Exercise description
Copy out the listing that follows, exactly, without its pictures.

Input data

:::

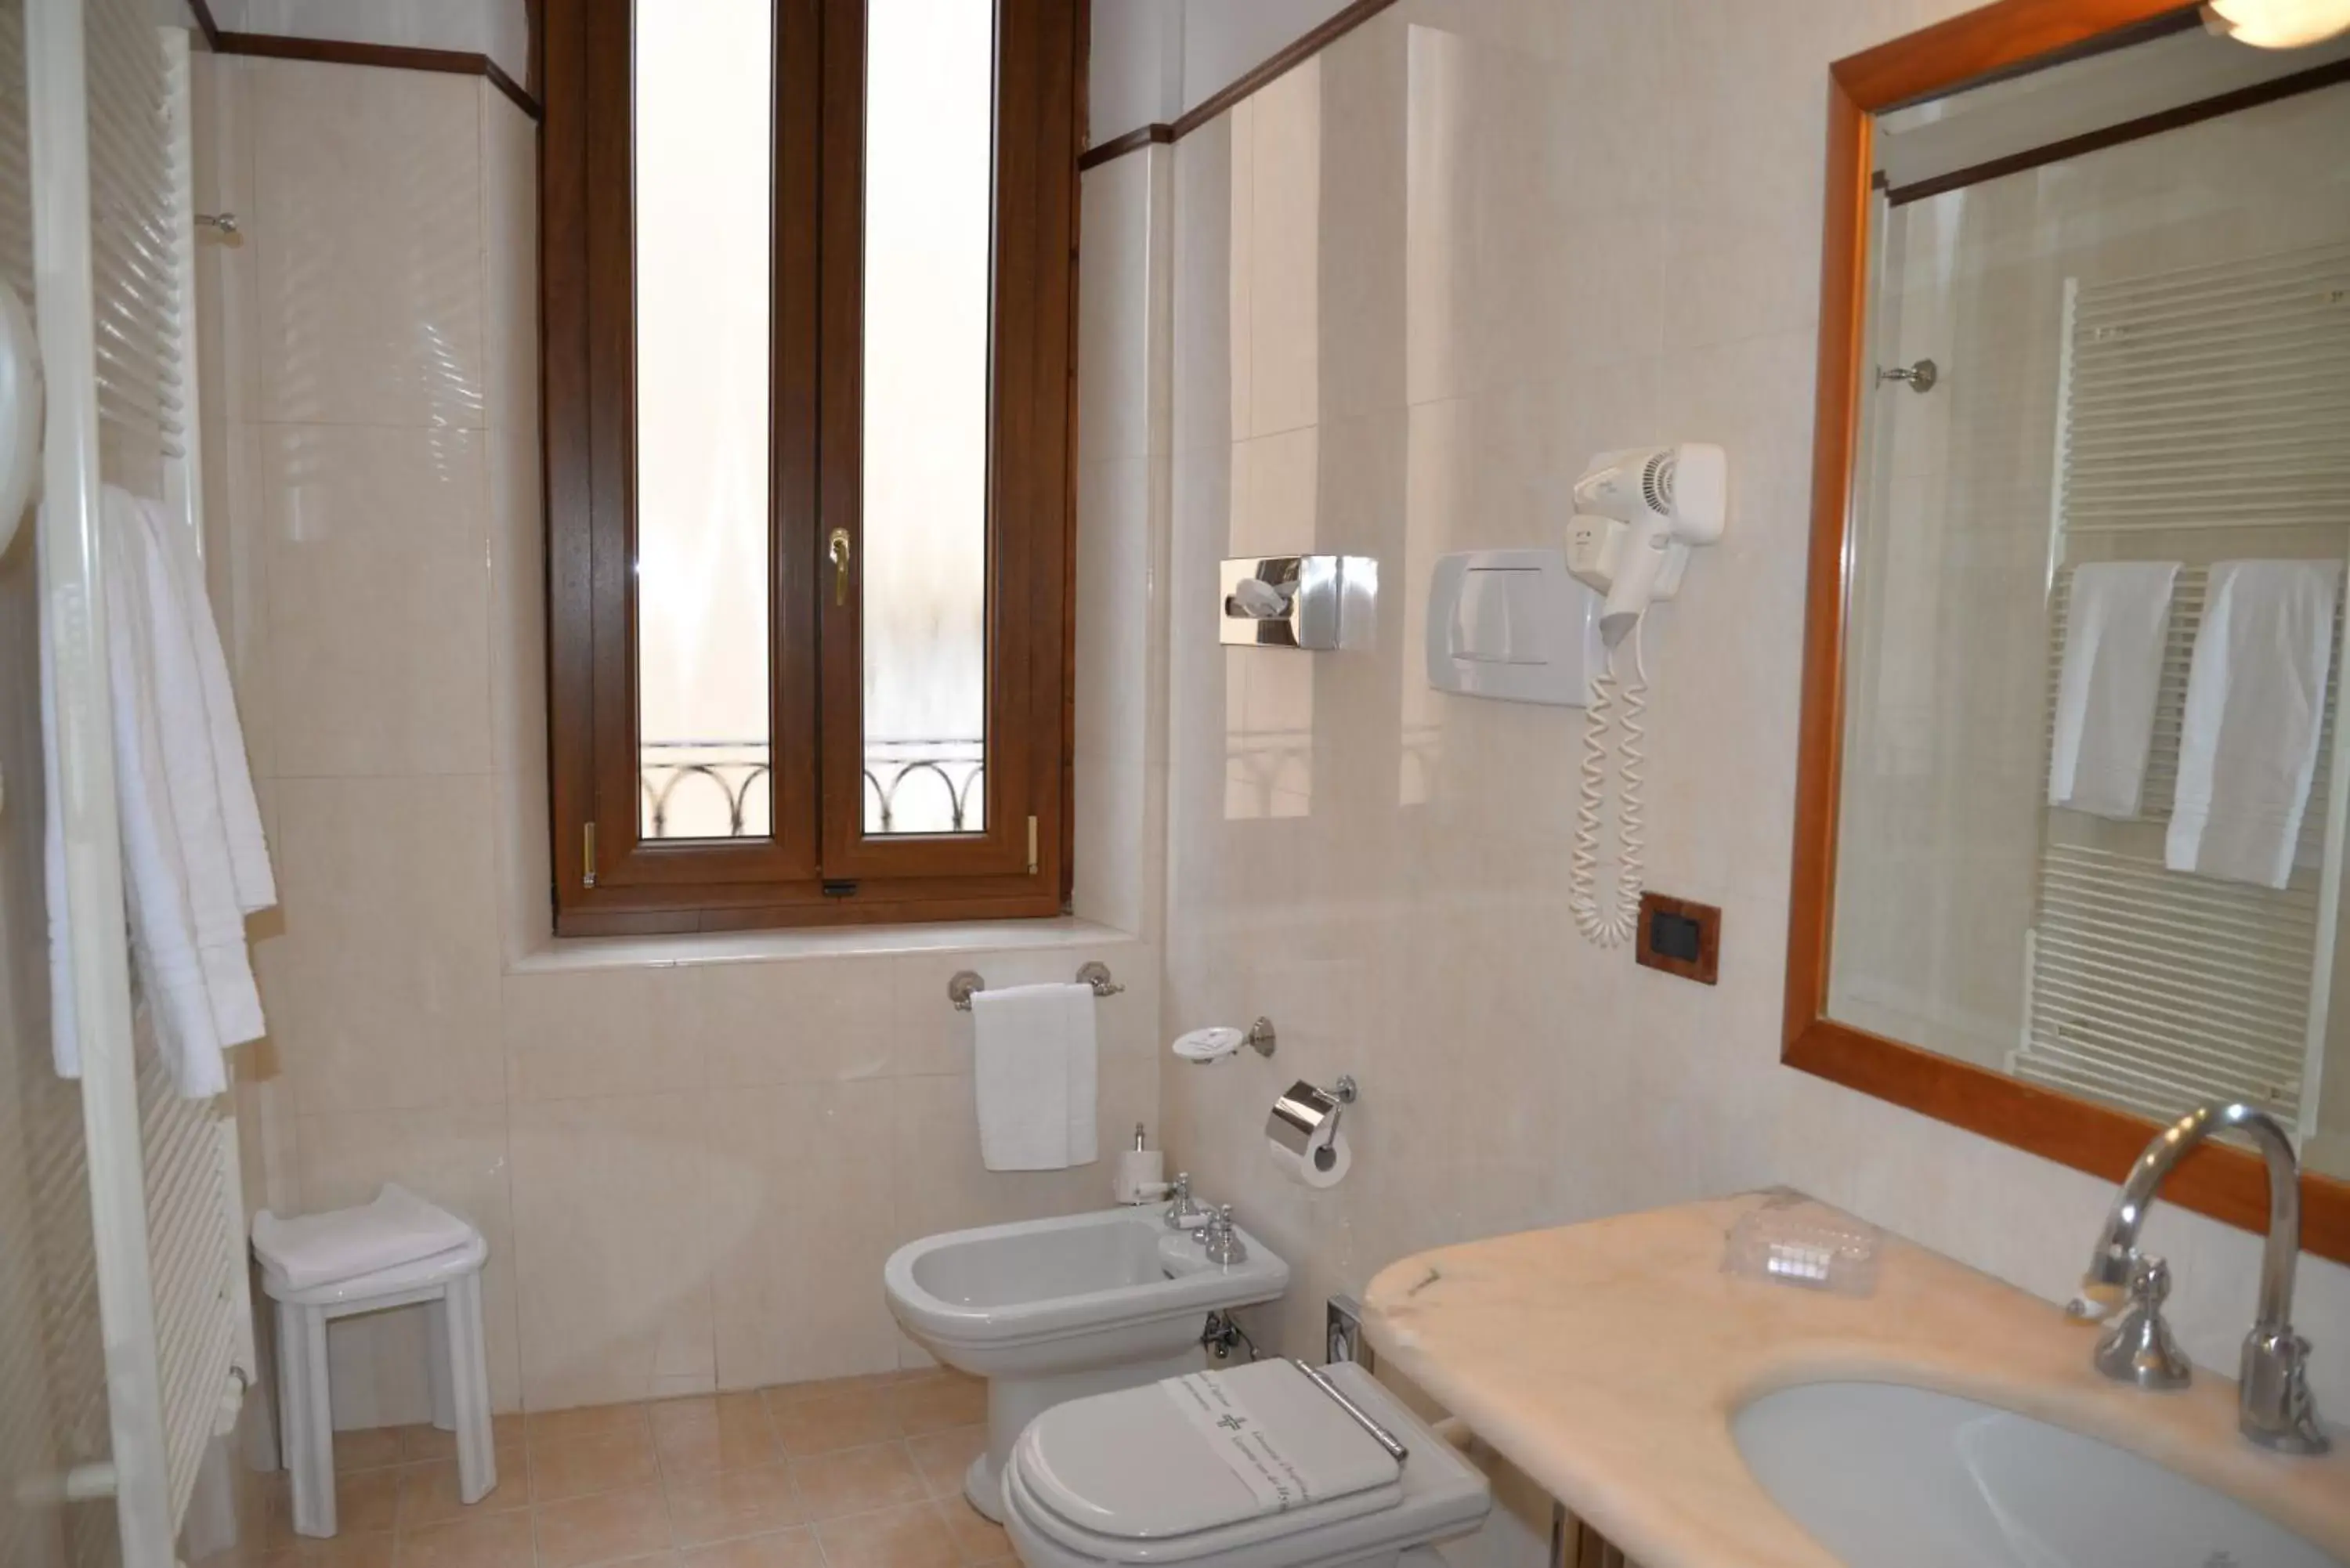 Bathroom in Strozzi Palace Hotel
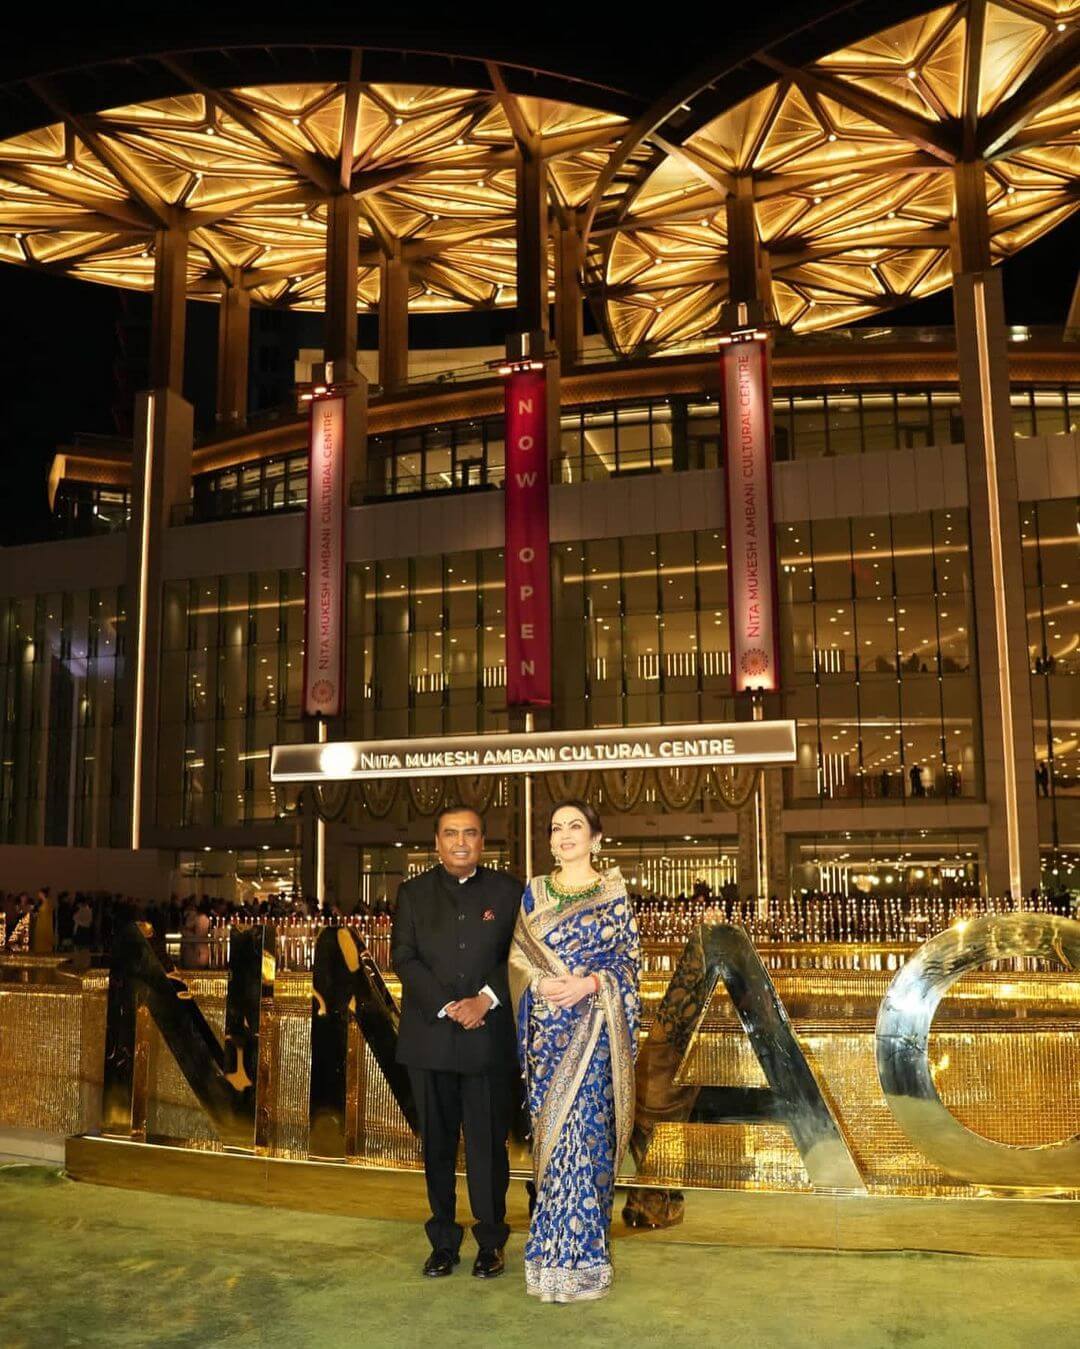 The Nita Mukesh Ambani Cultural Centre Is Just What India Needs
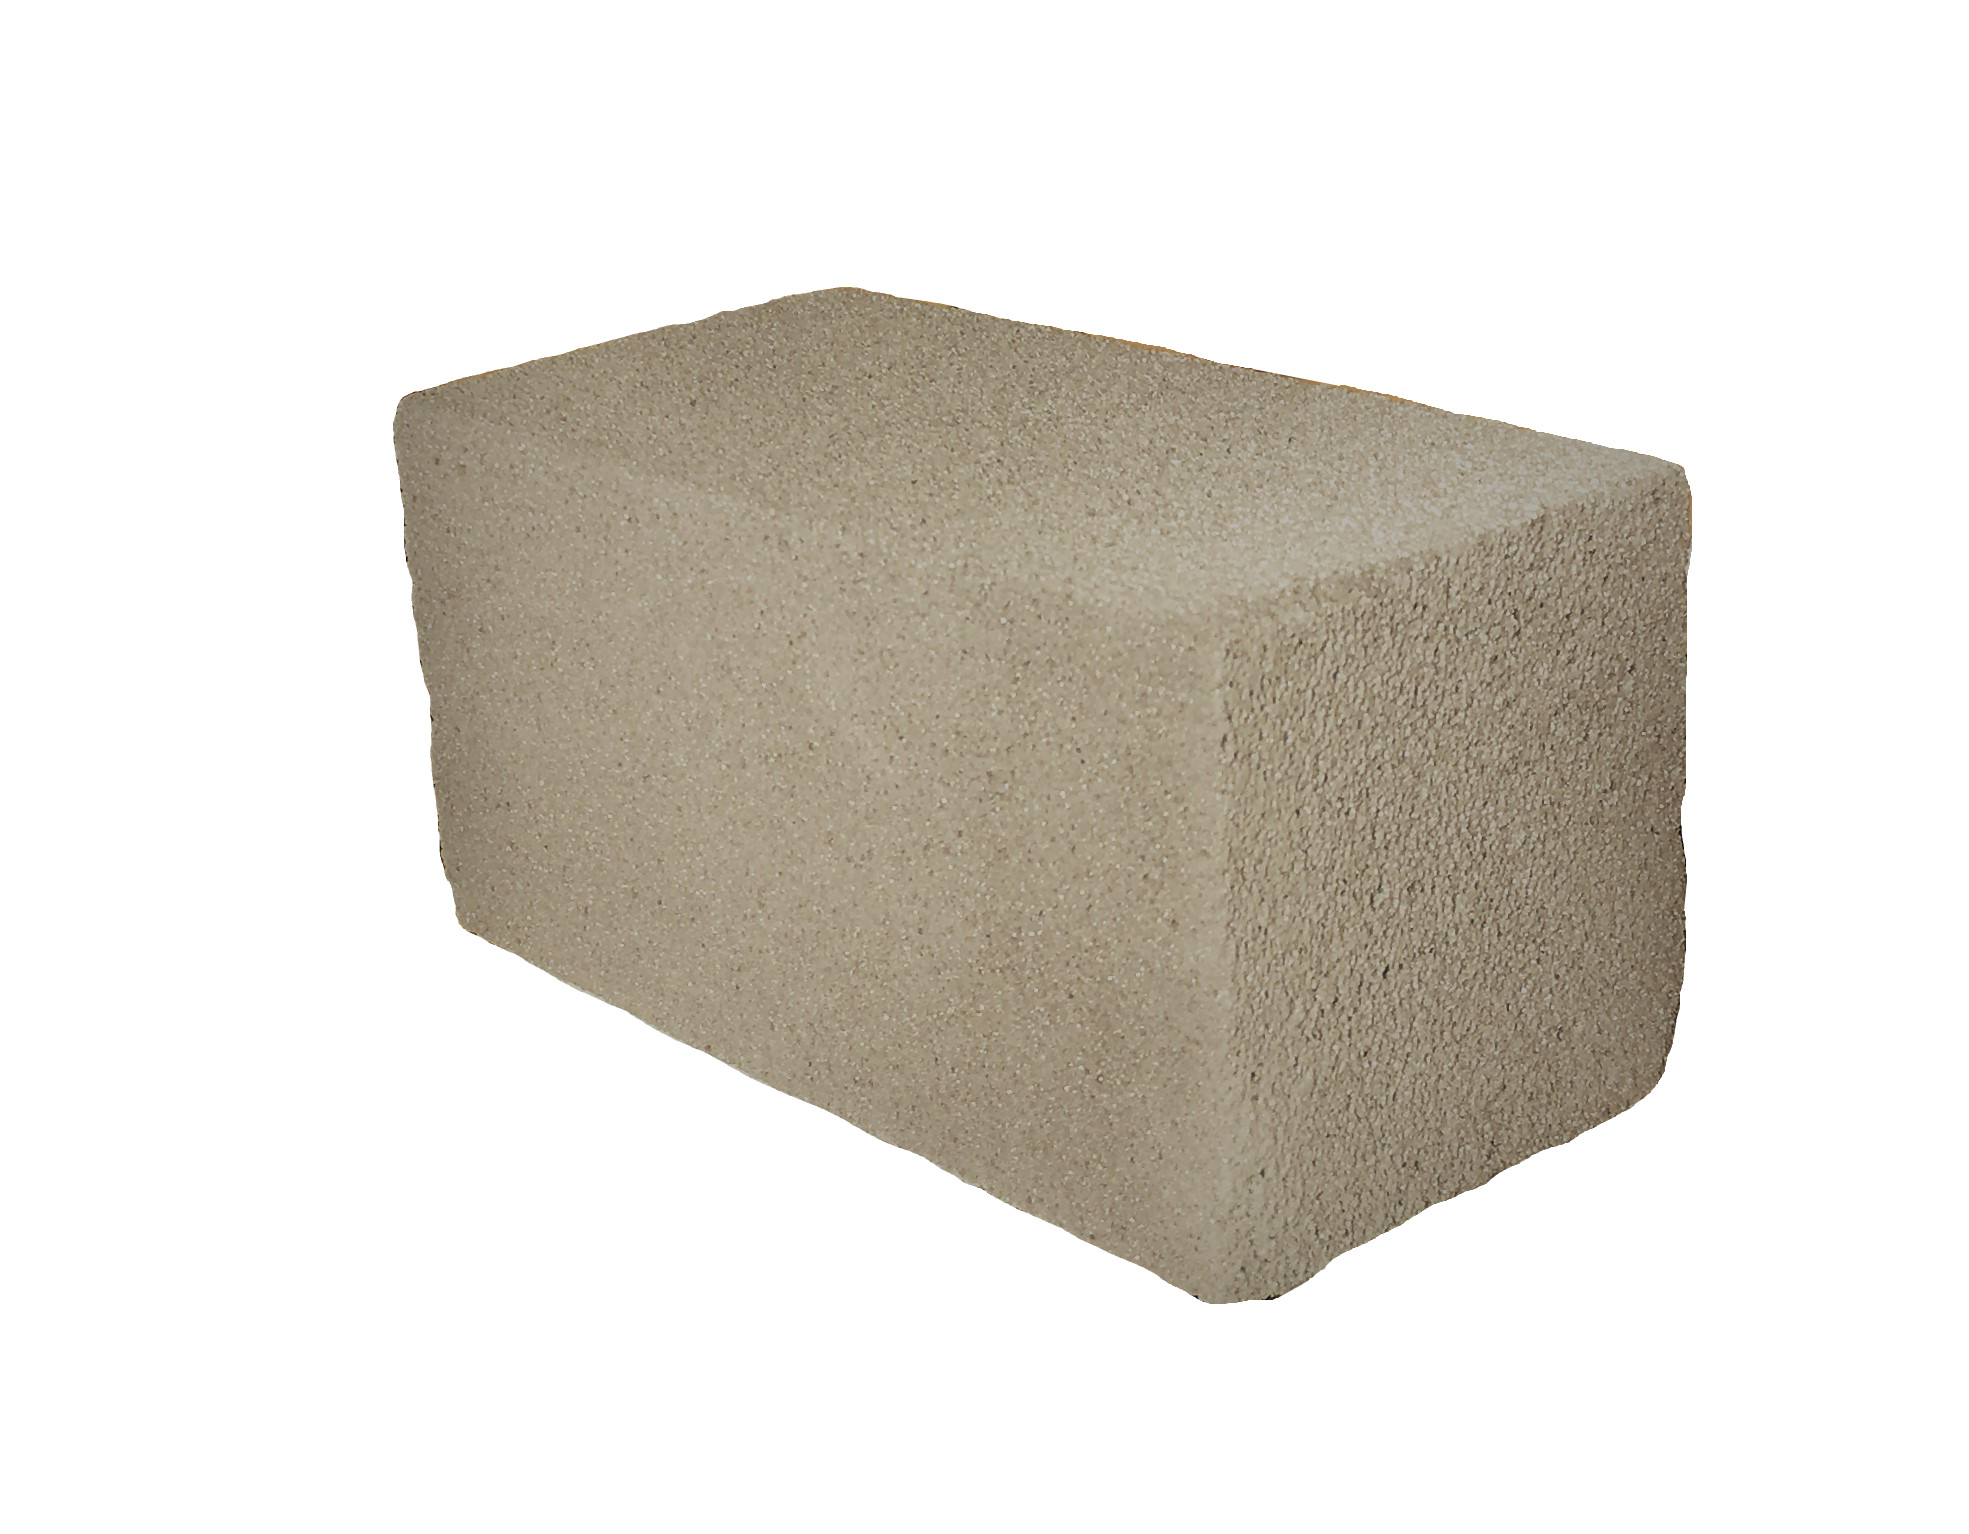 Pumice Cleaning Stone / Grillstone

:::

Task output
 Bathroom in Strozzi Palace Hotel
 The Nita Mukesh Ambani Cultural Centre Is Just What India Needs
 Pumice Cleaning Stone / Grillstone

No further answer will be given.